Start of Records shown
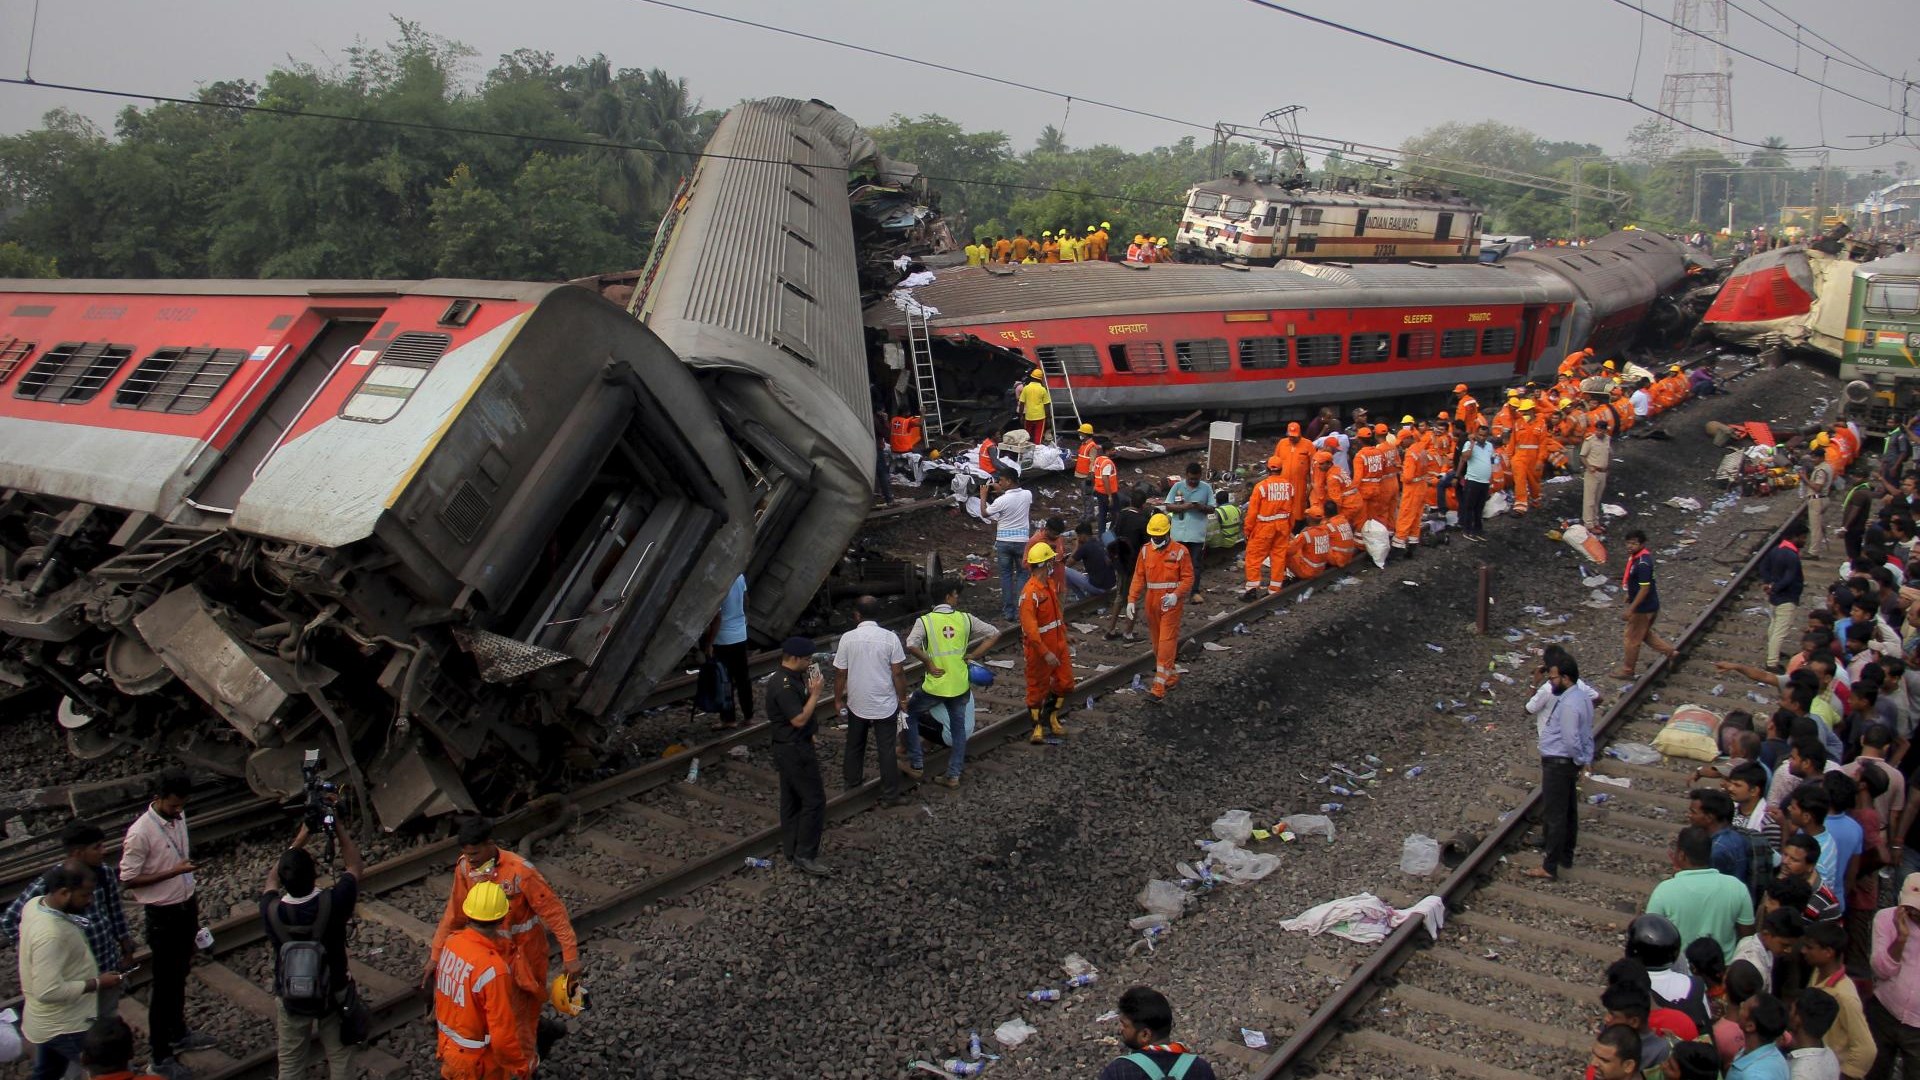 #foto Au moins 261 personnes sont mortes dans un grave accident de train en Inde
End of Records shown
Start of Records shown
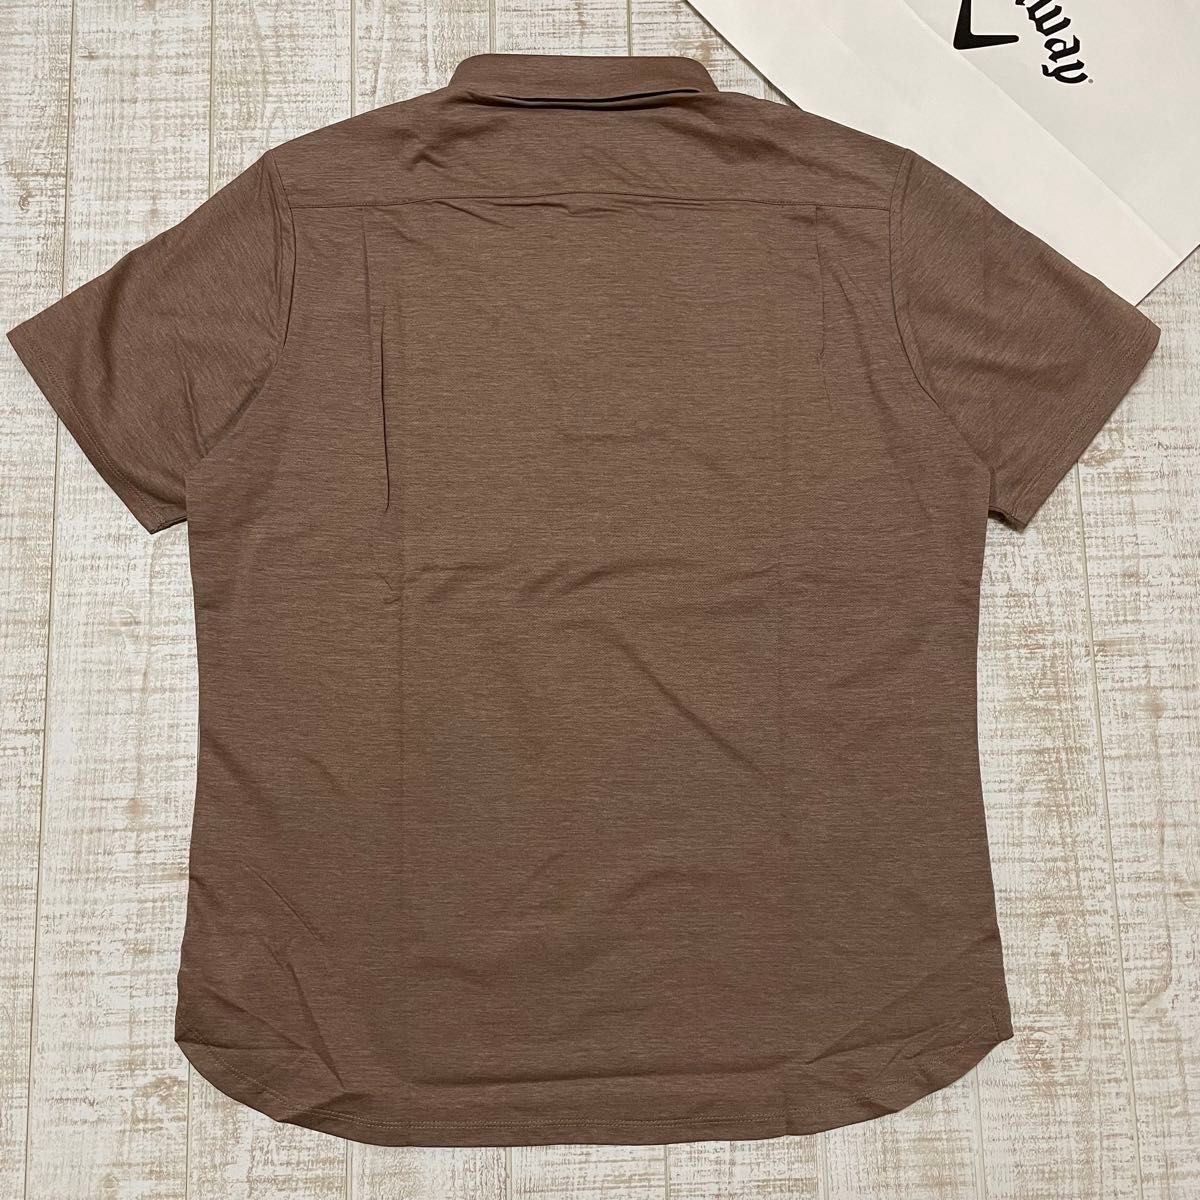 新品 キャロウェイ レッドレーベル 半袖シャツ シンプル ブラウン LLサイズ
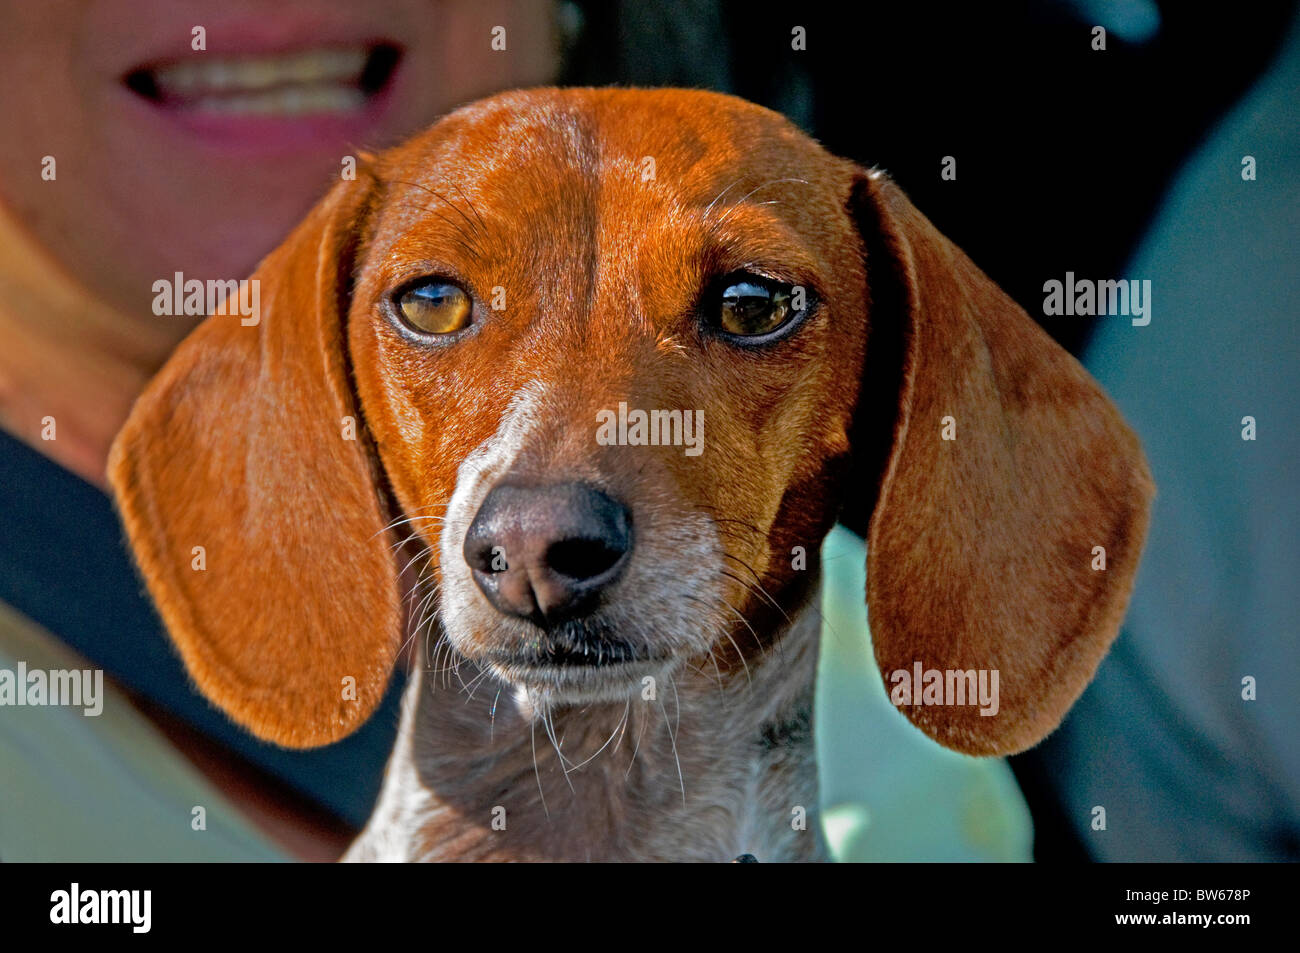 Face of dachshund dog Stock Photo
End of Records shown
▶ **Work instructions**: Take the entries above and copy exactly the lines starting at the one with "新品 キャロウェイ レッドレーベル 半袖シャツ シンプル ブラウン LLサイズ" and ending at the one with "Face of dachshund dog Stock Photo"; nothing outside that span, and no pictures.

▶ **Solution**:
 新品 キャロウェイ レッドレーベル 半袖シャツ シンプル ブラウン LLサイズ
 Face of dachshund dog Stock Photo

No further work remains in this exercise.